Daha önce terör örgütlerinin operasyonlarında, örgütle irtibatlı olanlar üzerinde çalışılır ve tespit edilenler tutuklanırdı. İlk defa bir terör örgütü üzerinde çalışılırken, terminolojiye yeni bir kelime ilave edilmiş oldu. (İRTİBAT ve İLTİSAK)
Örgütle irtibatı olanlar açıkça tespit edilebilse dahi, İLTİSAK’lı olanlar şöyle izah edilebilir. Bir kişi doğrudan FETÖ’nün kayıtlı elemanı olarak gözükmese de, aslında hepsi örgütün has elemanıdır. Fakat örgütün faaliyetlerinden ve kazanımlarından dolaylı yollardan nemalanıp veya örgüte finans, prestij, itibar ve kadro temin ederler.
Kendilerini de FETÖ mensubu olarak fiziki bir irtibatları olmadıklarını iddia ederler. FETÖ’cü militanlarının açıktan destekçisi olmasalar bile, sonuçlarından ve kuruluşundan itibaren ortaya çıkan imkanlarından maddi, manevi istifade ederler. İşte bunlar, FETÖ İLTİSAKÇISI OLAN EN TEHLİKELİ KISIMDIR.
FETÖ mensubu olanlar veya irtibatı tespit edilenlerle mücadele çok kolaydır, ama asıl mücadele iltisaklı olanlarla yapılan mücadeledir. FETÖ mücadelesi için 2005 yılında ihbar edip, suç duyurusunda bulunduğum ve tanık olarak gittiğim yüzlerce duruşmadan ve 500 üzerindeki FETÖ’nün tanıklıklarından, en çok üzerinde durulması gereken ve geç kalınmış olan husus şudur: Savcılarımızın ve hakimlerimizin sorduğu sorulardan anlaşılıyor ki, örgüt hakkında yeterli bilgi ve ihtisasa sahip değiller. Mevcut yargı yükü altında yoğun çalışmalarının üzerine binlerce FETÖ dosyalarının da ilave edilmesi ile yükleri daha da ağırlaşmıştır. Bilirkişi ve özel tetkik elemanları ve yardımcılarına ihtiyaçları vardır.
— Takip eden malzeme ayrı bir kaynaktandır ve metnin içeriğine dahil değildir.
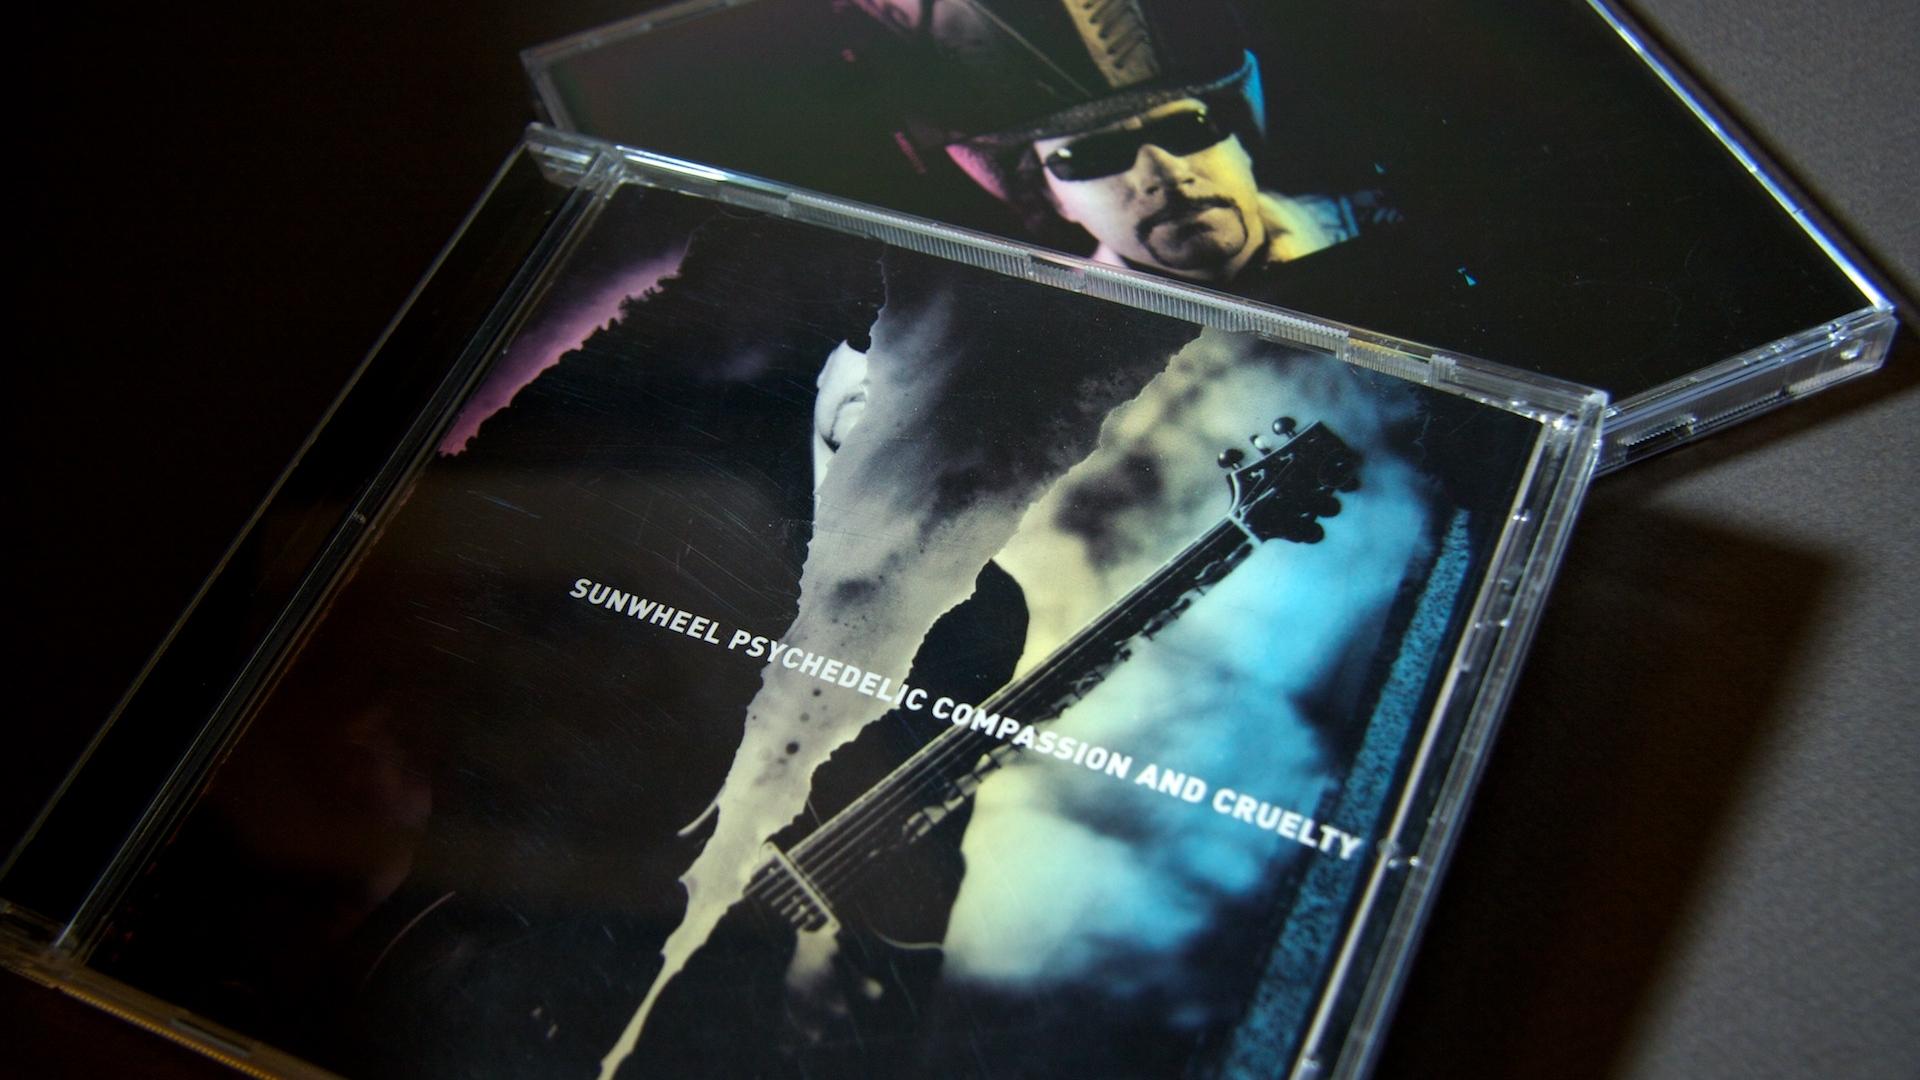 Sunwheel Psychedelic Album Packaging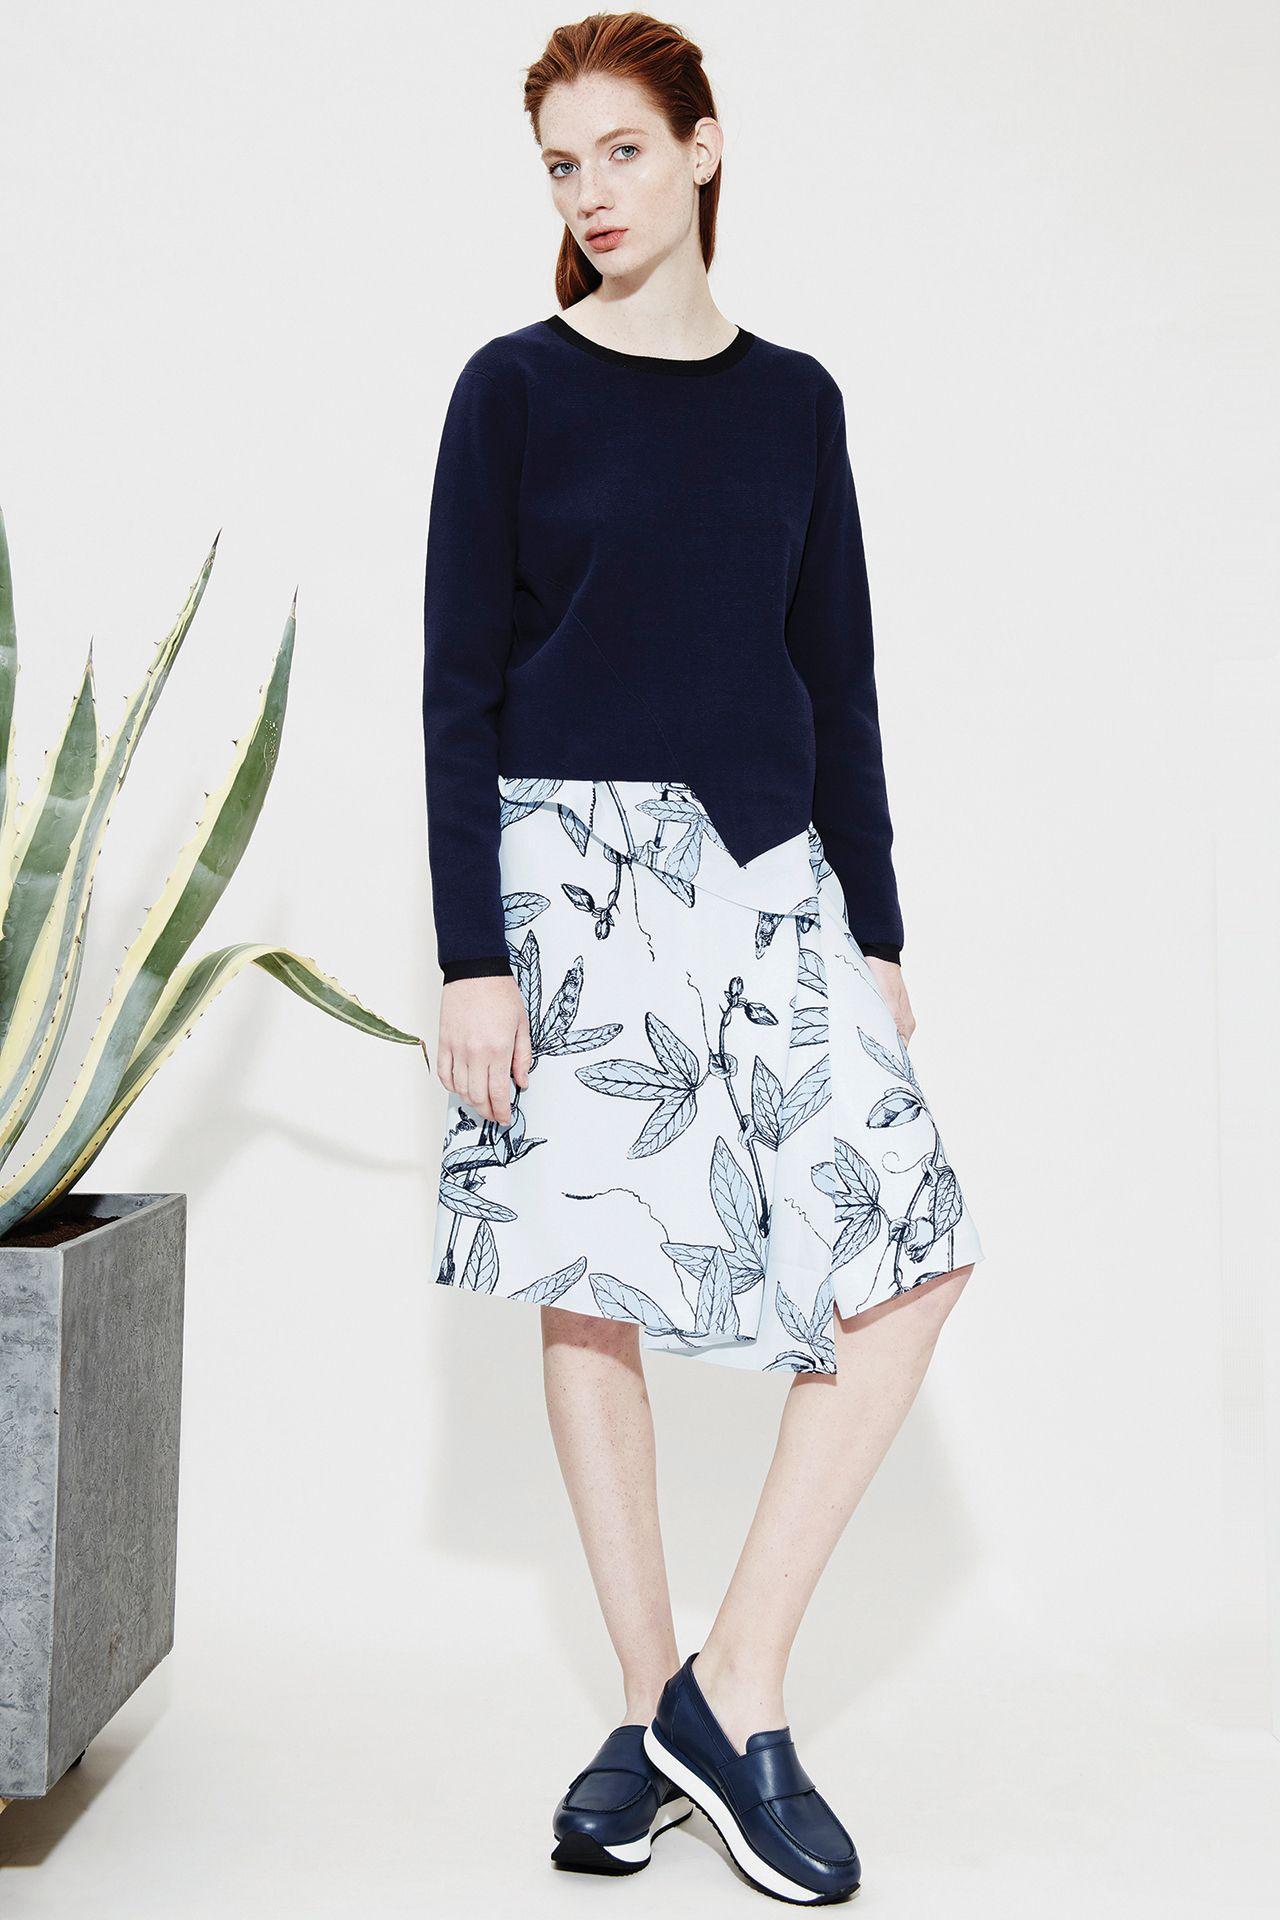 Look 11 - Mikki Asymmetric Knit | Romona Botanical Skirt | Daphne Loafer Flatforms

FETÖ mücadelesinde yapılması gereken önemli bir çalışmanın, üniversitelerde ayrı bir kürsü kurularak, FETÖ’nün esrarengiz yapılanmasının uzman hakimlerin, savcıların, emniyetçilerin, akademisyenlerin, ilahiyatçıların yetiştirilmesi gereken kürsülerin açılması konusunun aciliyetidir.